***** Provided material

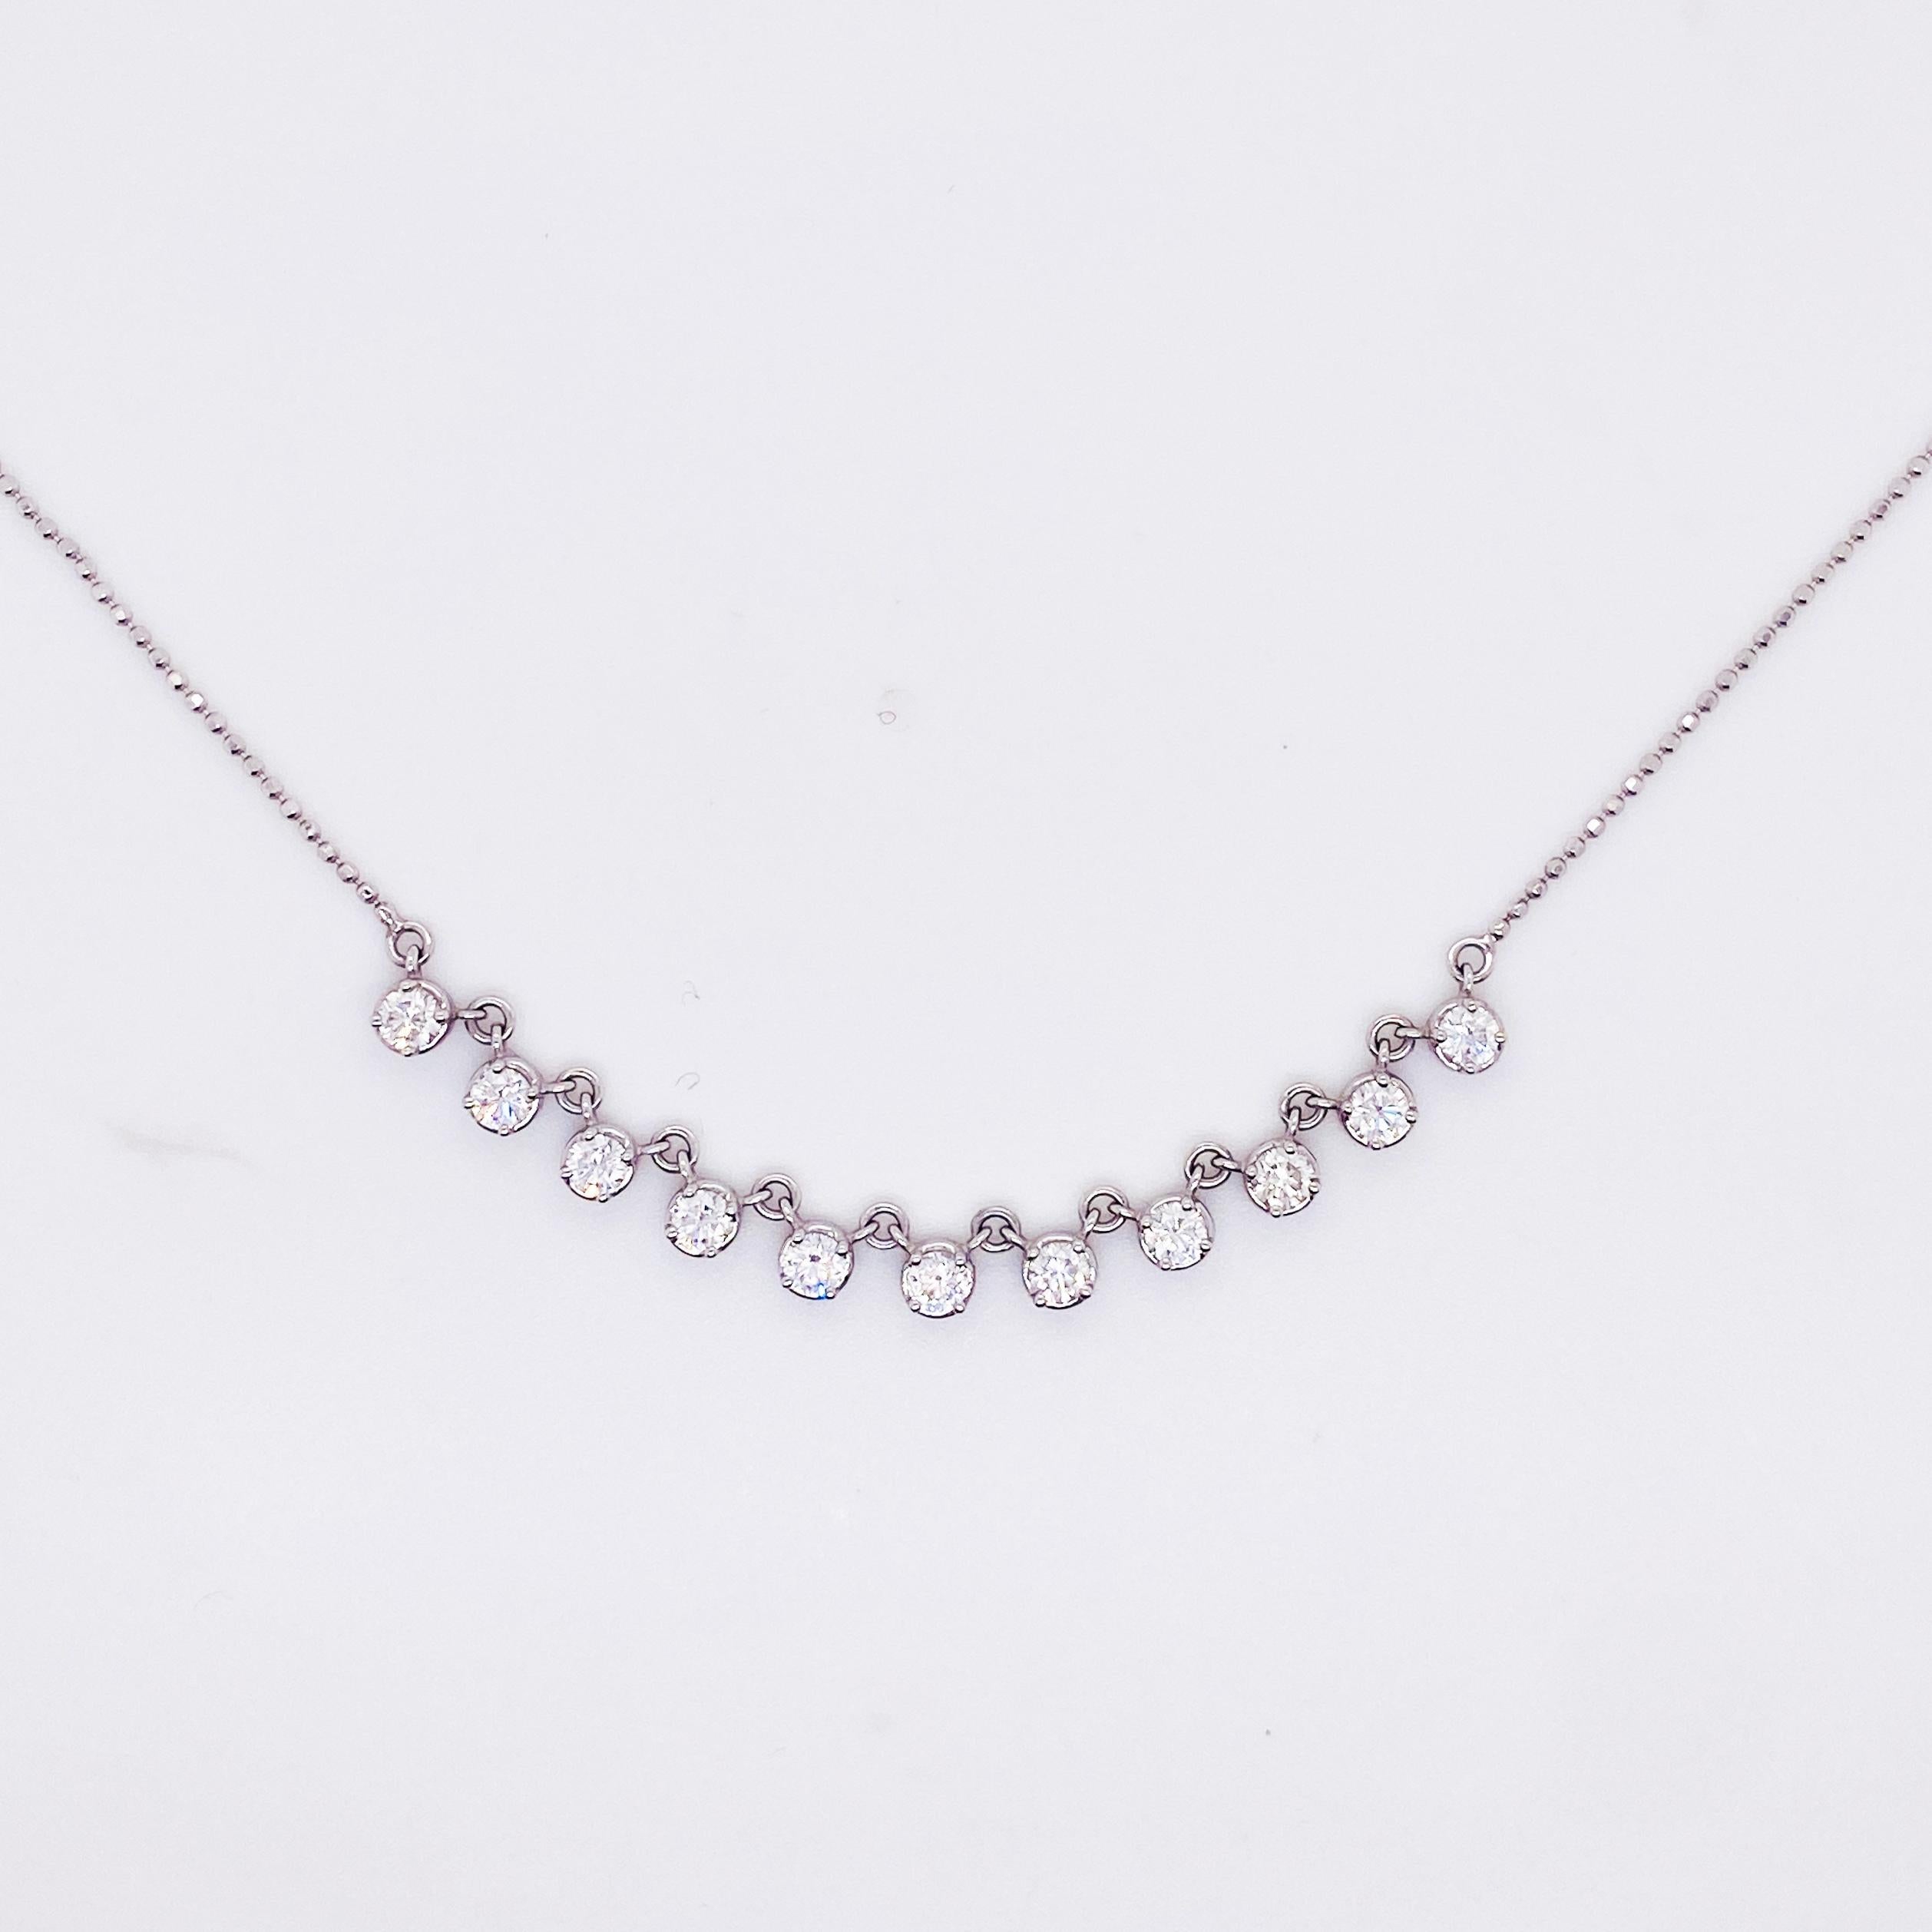 modern diamond necklace designs
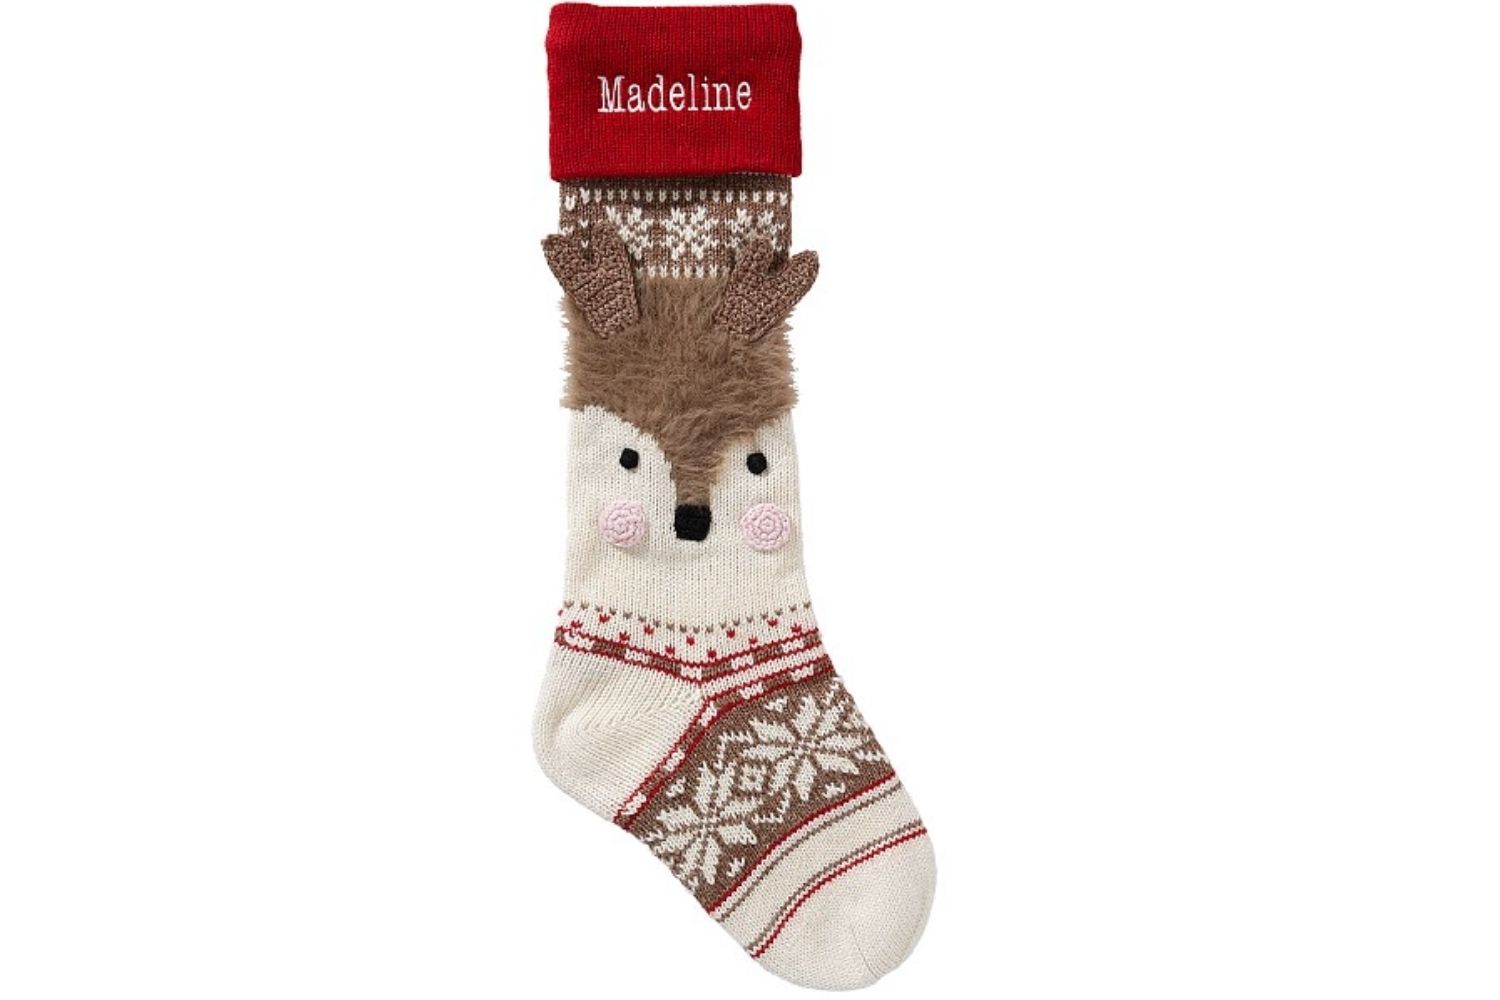 The Best Christmas Stockings Option: Pottery Barn Reindeer Face Classic Fair Isle Christmas Stocking
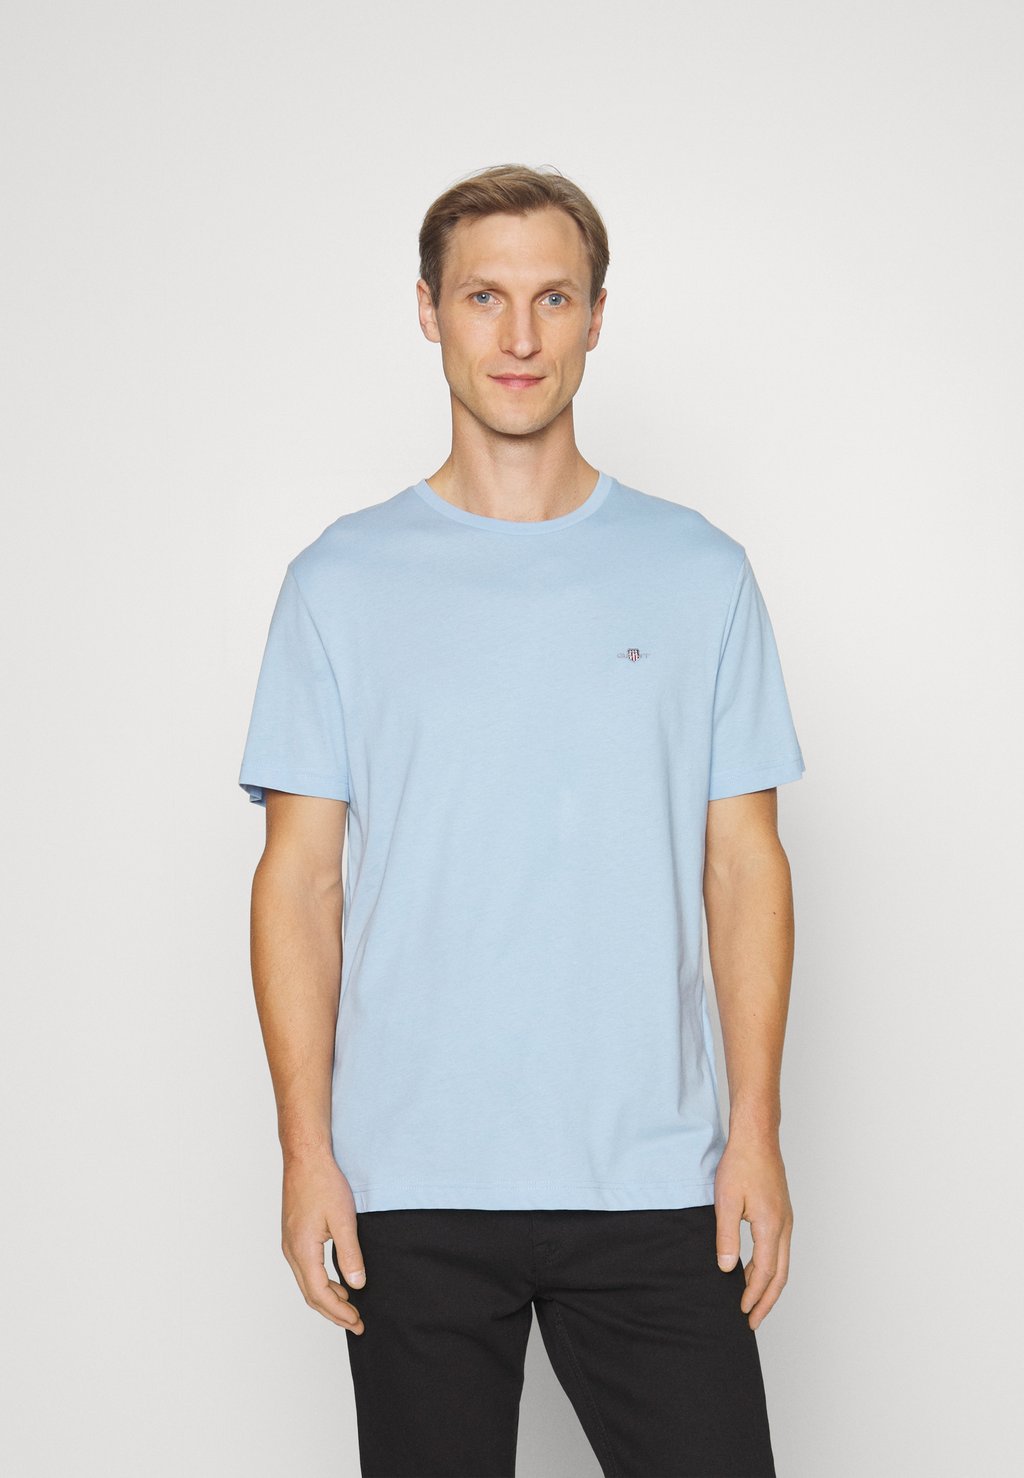 Базовая футболка REG SHIELD GANT, капри синий базовая футболка reg shield gant цвет mottled blue
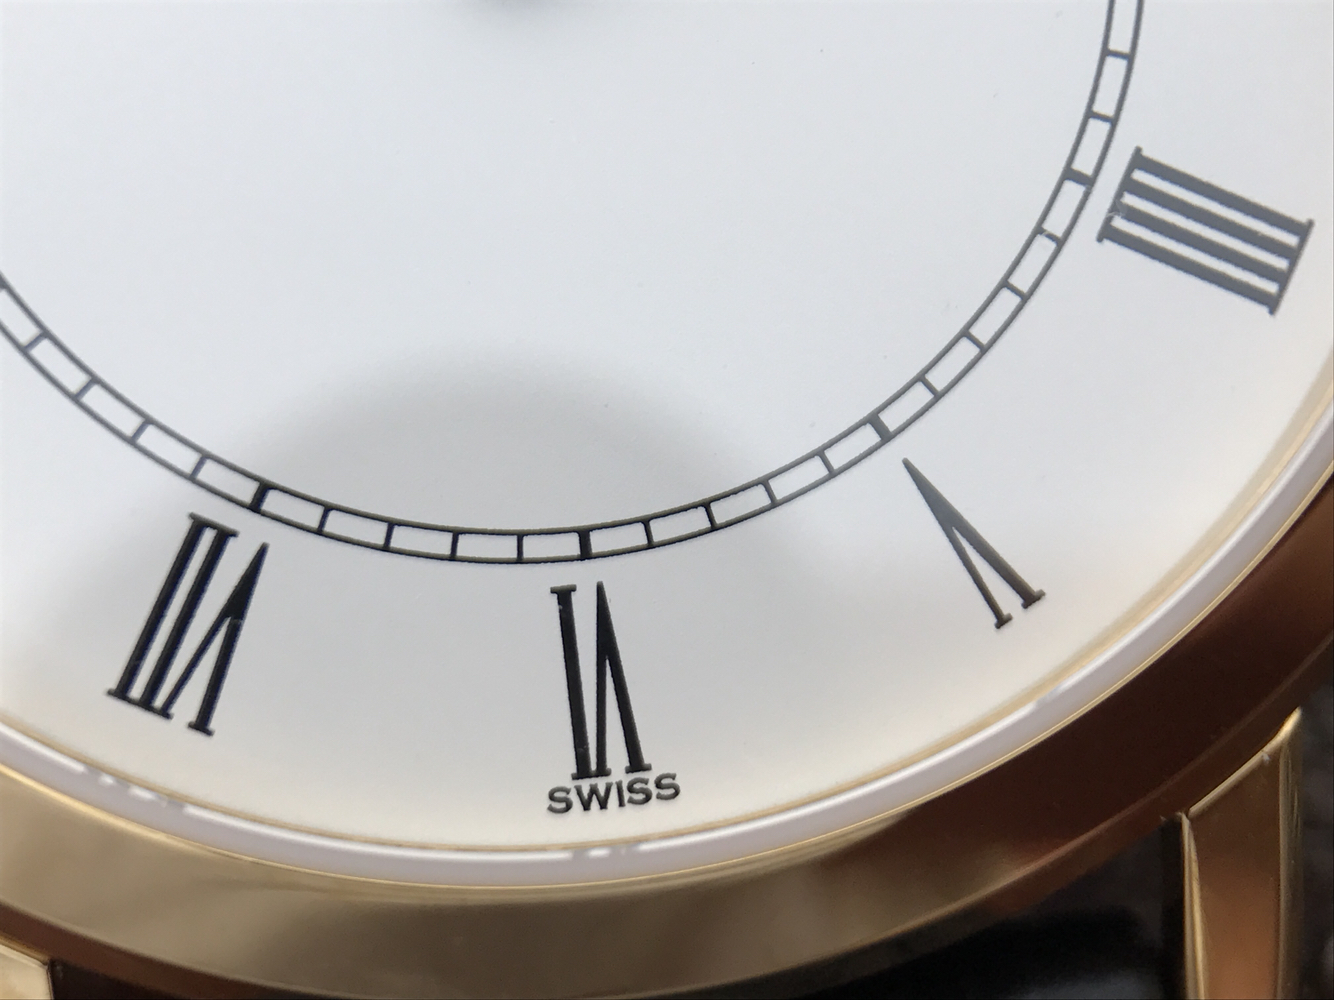 TW伯爵ALTIPLANO真機改“非甲版獨家真正做到原版一比一 Altiplano繫列超薄男士手錶自動機械腕錶¥3180

**********

Since only the text is needed, retype the data above exactly and omit the pictures.

 modern diamond necklace designs
 The Best Christmas Stockings Option: Pottery Barn Reindeer Face Classic Fair Isle Christmas Stocking
 Базовая футболка REG SHIELD GANT, капри синий базовая футболка reg shield gant цвет mottled blue
 TW伯爵ALTIPLANO真機改“非甲版獨家真正做到原版一比一 Altiplano繫列超薄男士手錶自動機械腕錶¥3180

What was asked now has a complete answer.